With those words, recorded by Saskatchewan pioneer and author William Bleasdell Cameron, Plains Cree war chief Wandering Spirit informed fellow Indians gathered at Frog Lake on April 2, 1885, they were at war with the Canadian government. For the previous decade the Crees had cautiously cooperated with the constitutional monarchy, but in a matter of hours that relationship faltered when one man said, “No.”

Kapwatamut—the Sioux speaker—was Thomas Trueman Quinn, the agent employed by Canada’s Indian Department to oversee the Crees on reserves near Frog Lake.

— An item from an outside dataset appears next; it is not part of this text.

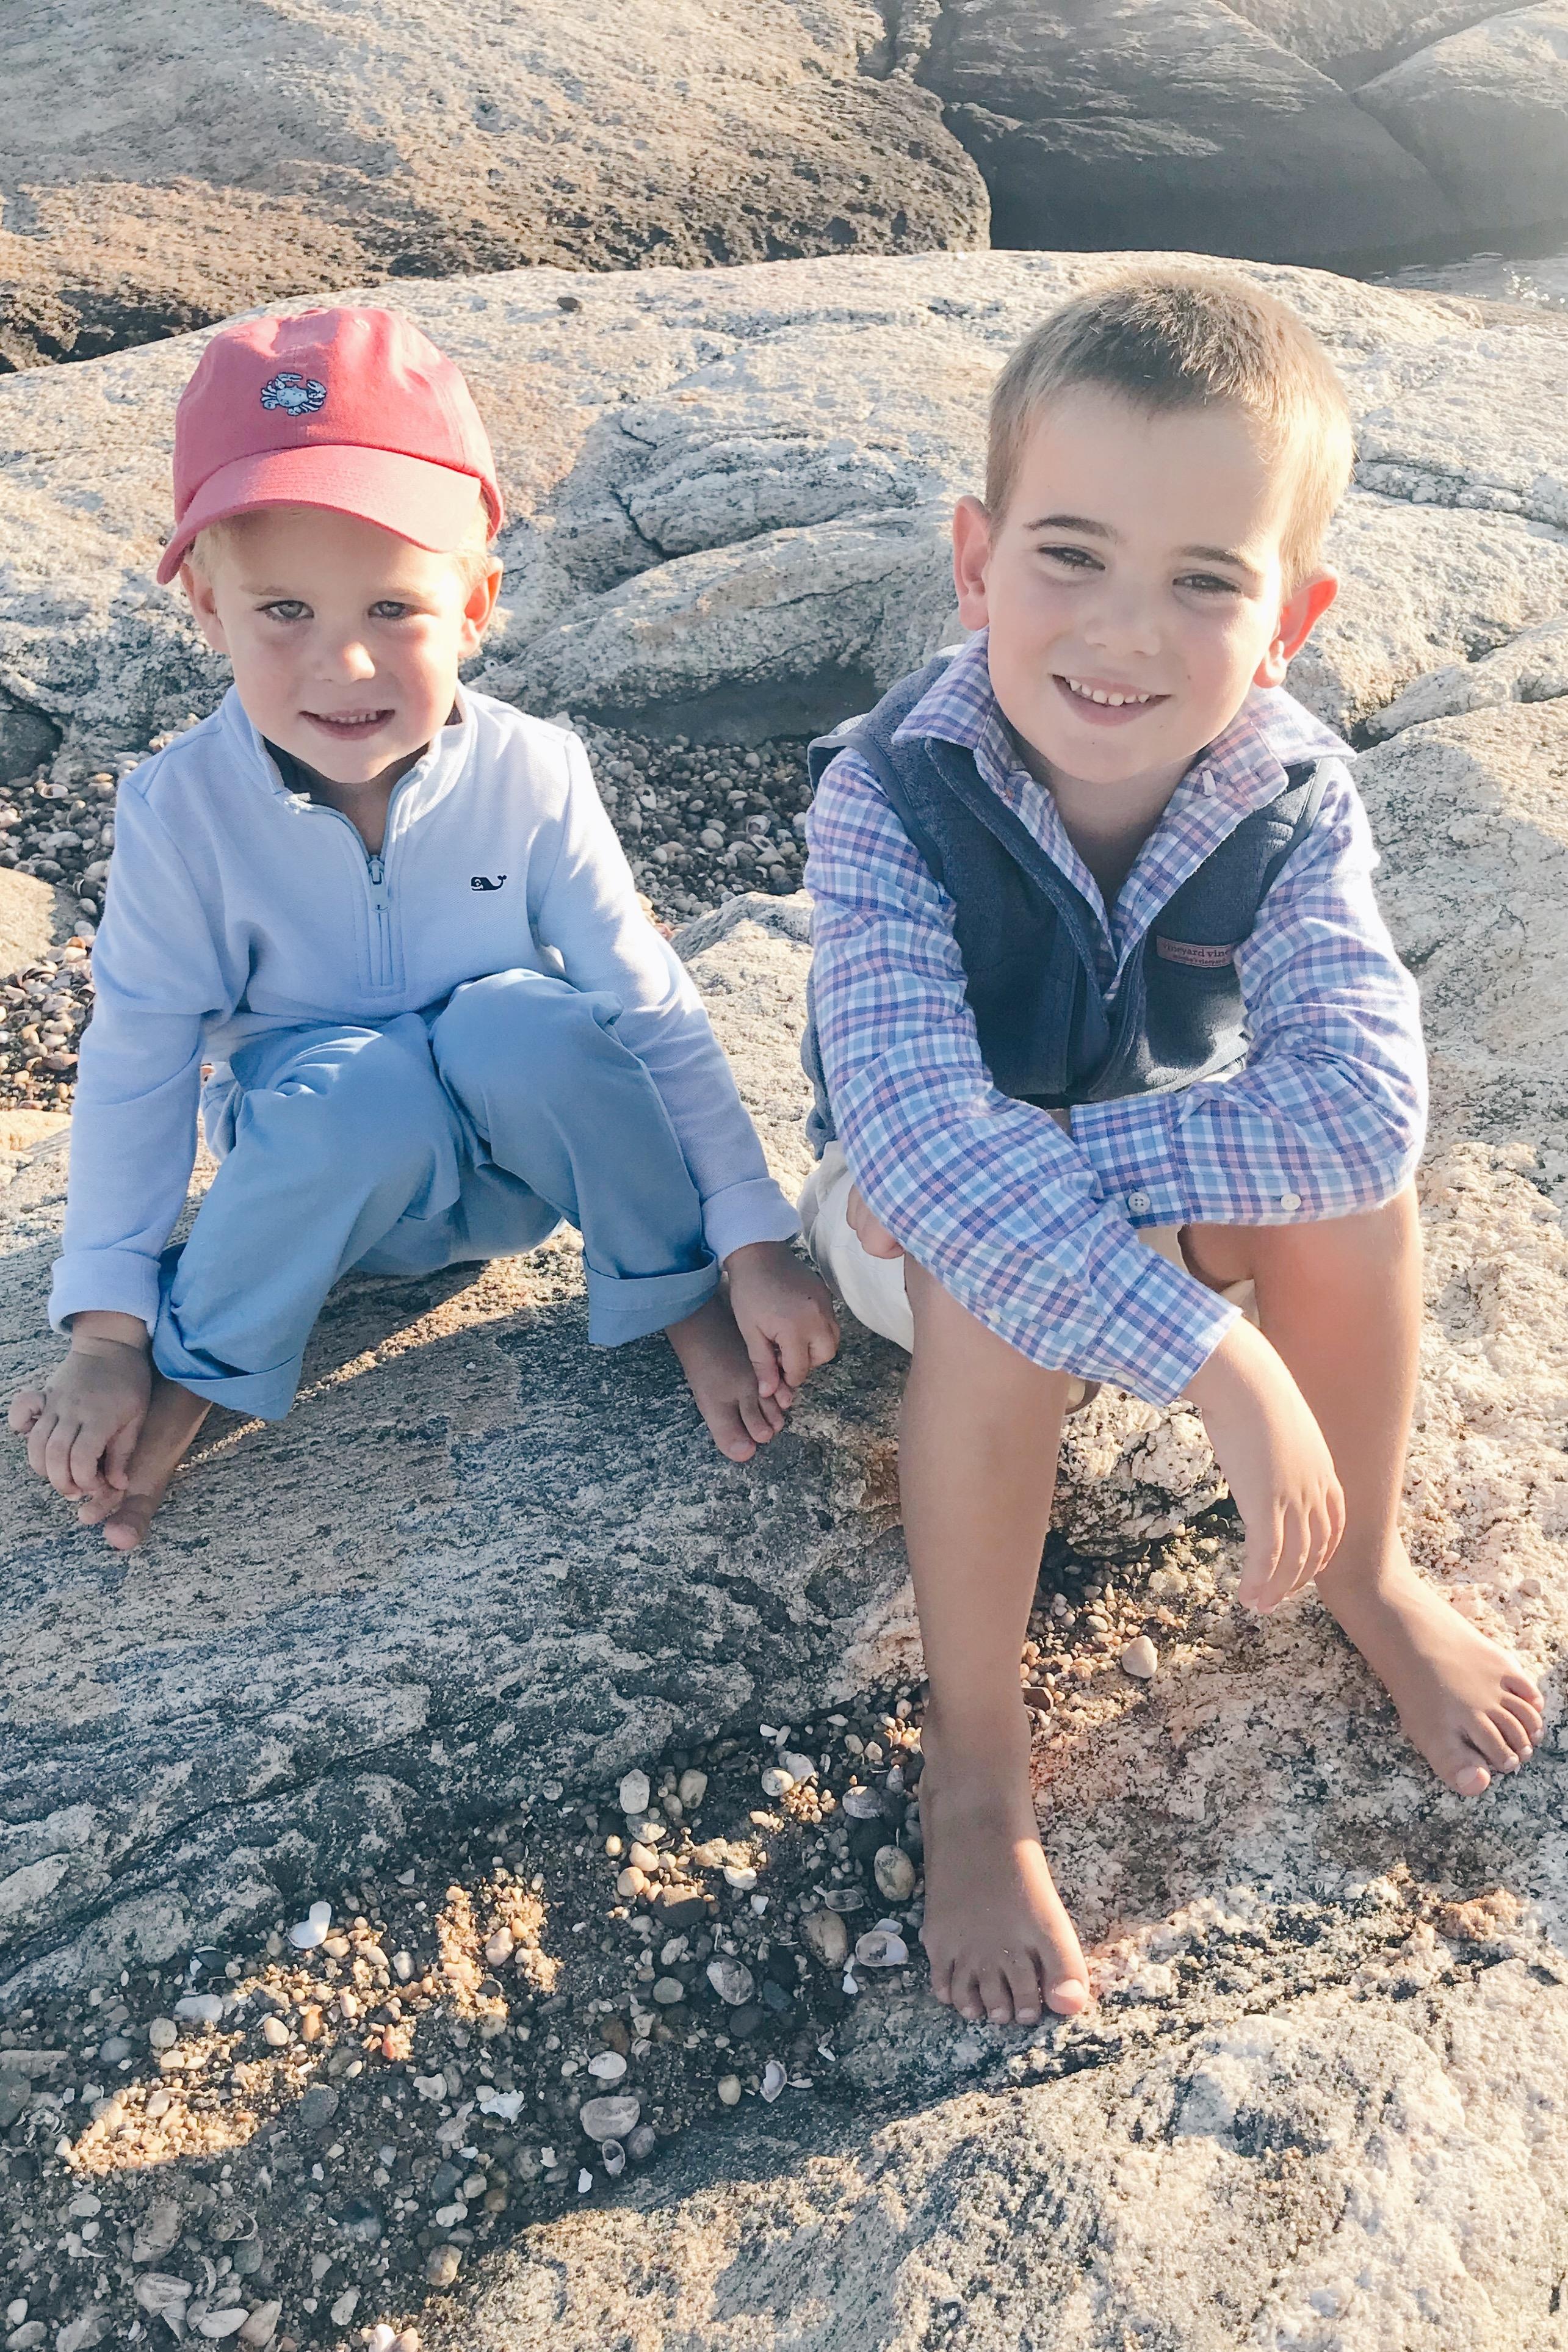 Vineyard Vines Boy Outfits - Connecticut Lifestyle Bloggger Pinteresting Plans sons

His main concern had been to watch over Big Bear and his band, who were staying on Chief Unipouheos’ reserve until Big Bear chose a reserve of his own.

At the time of his death Quinn was 44. He had lived near Indians and dealt with them all his life. His father and the frontier society in which Quinn was reared had strongly informed his attitudes and ideas.

His father, Peter Quinn, was born in Ireland in 1787. Around 1802, while returning home from school in Dublin, Peter was seized by a press gang recruiting for the Royal Navy. After being forced to serve five years on a man-of-war, Peter obtained employment with the British fur trading firm Hudson’s Bay Co. In 1820 the company sent him to its trading post at Fort Garry (on the site of present-day Winnipeg, Manitoba).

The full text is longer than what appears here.